Here are a few favorite quotes from Poet Warrior:
My failures have been my most exacting teachers. They are all linked by one central characteristic, and that is the failure to properly regard the voice of inner truth. That voice speaks softly. It is not judgmental, full of pride, or otherwise loud. It does not deride, shame, or otherwise attempt to derail you. When I fail to trust what my deepest knowing tells me, then I suffer. The voice of inner truth, or the knowing, has access to the wisdom of eternal knowledge. The perspective of that voice is timeless.
My family didn’t understand my gift or me. I didn’t fully understand it either. All I knew was that I had to go wherever it took me. Every place it took me I found something I needed, sort of an extended lifelong scavenger hunt game. I picked up a piece I needed in every location and I assumed that one day they would all fit together, and I would finally understand what it all means.
To hear poetry in person is to experience poetry as it is traditionally meant to be experienced, that is, you feel it breathe and experience how it travels out dynamically to become part of the winds skirting the earth, even as we inhale and take the words into our bloodstream. To speak is to bring into being. Poetry can bring rain, make someone fall in love, can hold the grief of a nation. Poetry is essentially an oral art whose roots are intertwined with music and dance.
Her house was thick with song resonance. Through her eyes I came to see that all is spiritual and either we move about respectfully within it, or we are lost.
Spiritual Memoir Challenge: A book that engages with Native American tradition
I heard Harjo read at the South Bank in London a few years ago and she was hypnotic, very memorable!
Wow, lucky you. I can imagine she would be a very compelling speaker.

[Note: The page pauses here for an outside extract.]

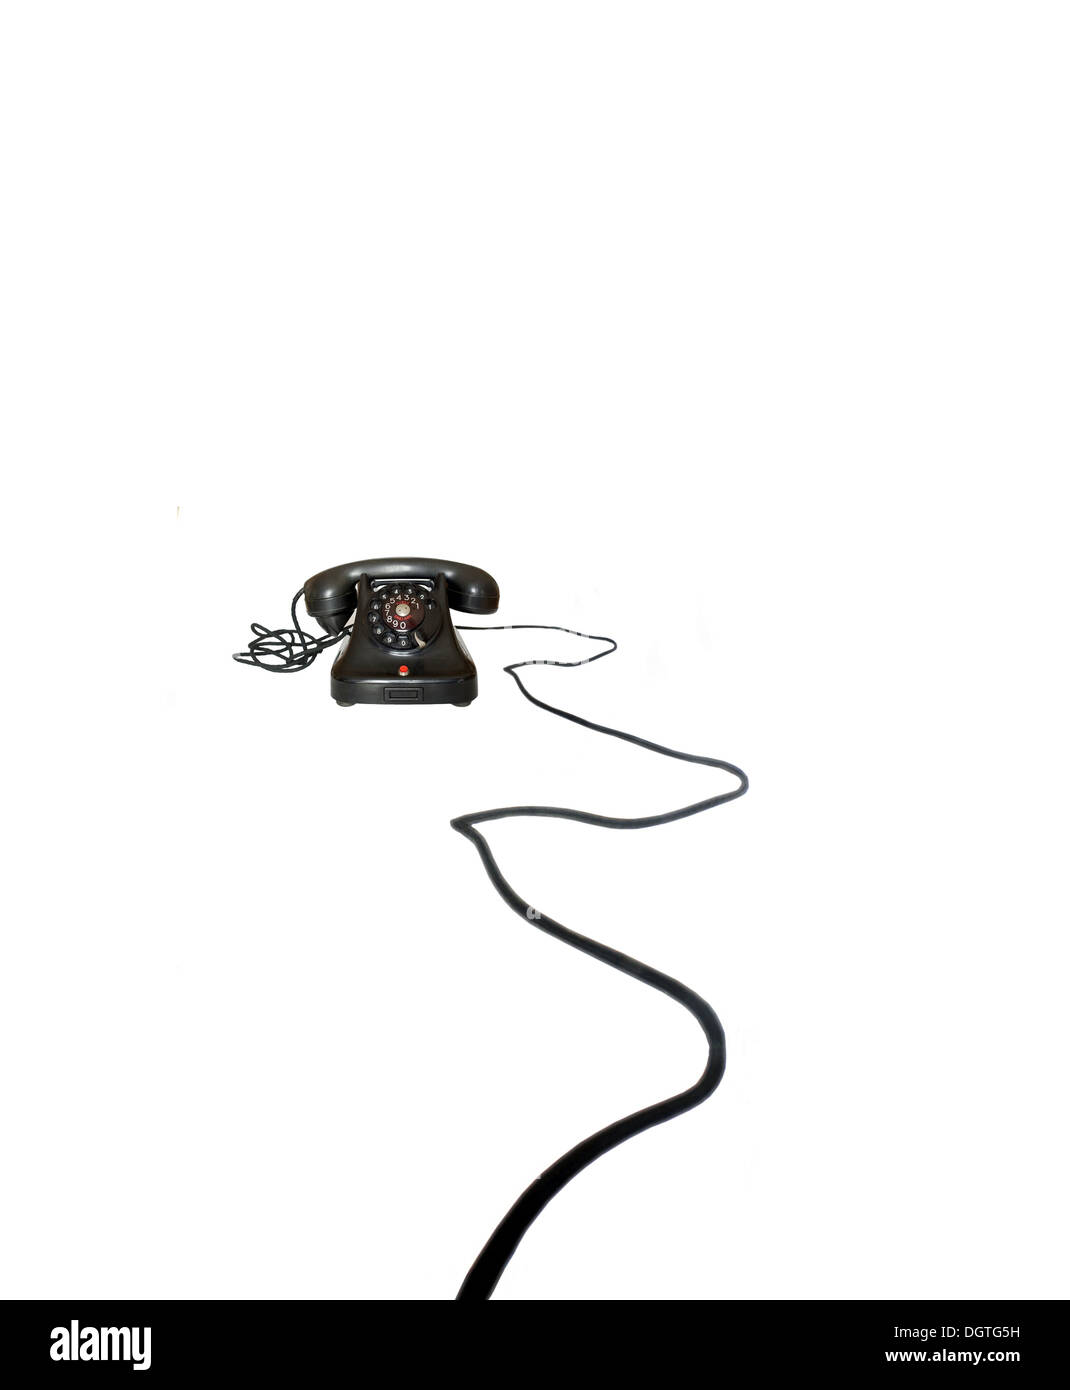 old telephone on white background Stock Photo

The different concepts of time and place Indigenous peoples can draw on from their ways of interacting with the natural world, and how varied they are, would be far healthier for those of us limited in thinking in linear timelines. Connections become so abundant!
Harjo is brilliant at conveying those different ways of perceiving and interacting with the world.

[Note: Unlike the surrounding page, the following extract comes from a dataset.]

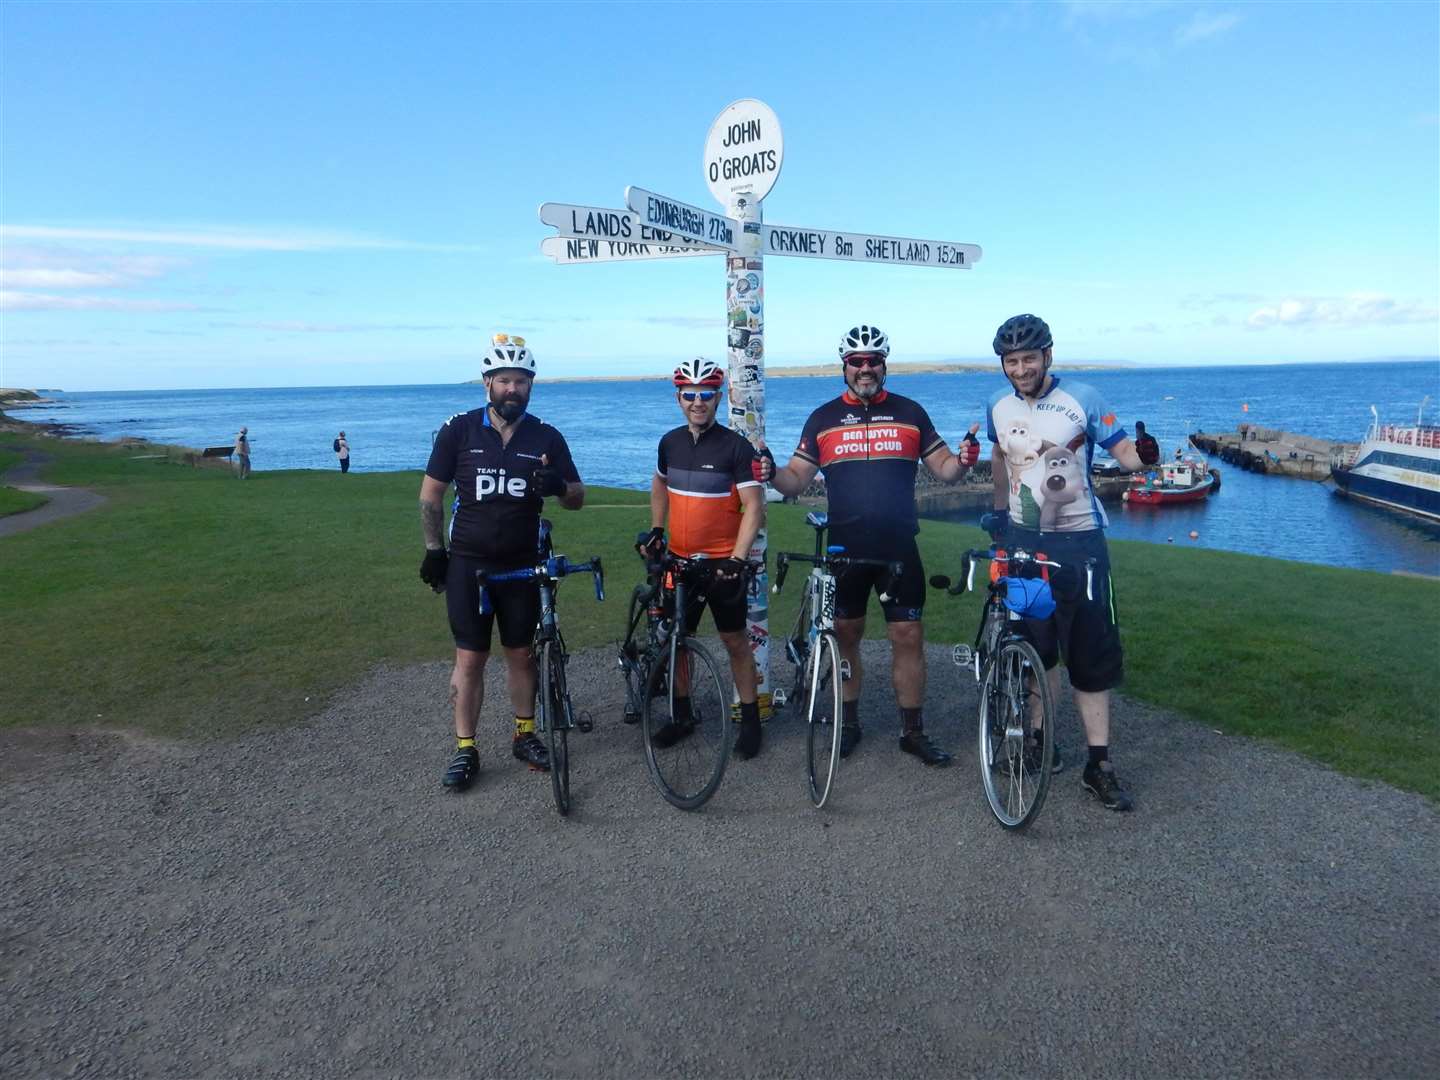 John (right) at John O'Groats during his North Coast 500 cycle tour.

I read “In Search of Buddha’s Daughters: A Modern Journey Down Ancient Roads” by Christine Toomey as my spiritual memoir pick for February. It was quite interesting to hear lots of different stories of women who chose to become Buddhist nuns at different points in their life. For March I’m reading “The Dance of the Dissident Daughter” by Sue Monk Kidd. Your choices by Joy Harjo sound fascinating!
Harjo’s writing really resonated with me, I was so happy to discover it. Buddha’s Daughters sounds fascinating, unfortunately my e-library does not carry it. I might have to seek it out anyway because it seems the focus on women’s experience of Buddhism is unusual (I’ve been reading The Snow Leopard and it’s VERY masculine).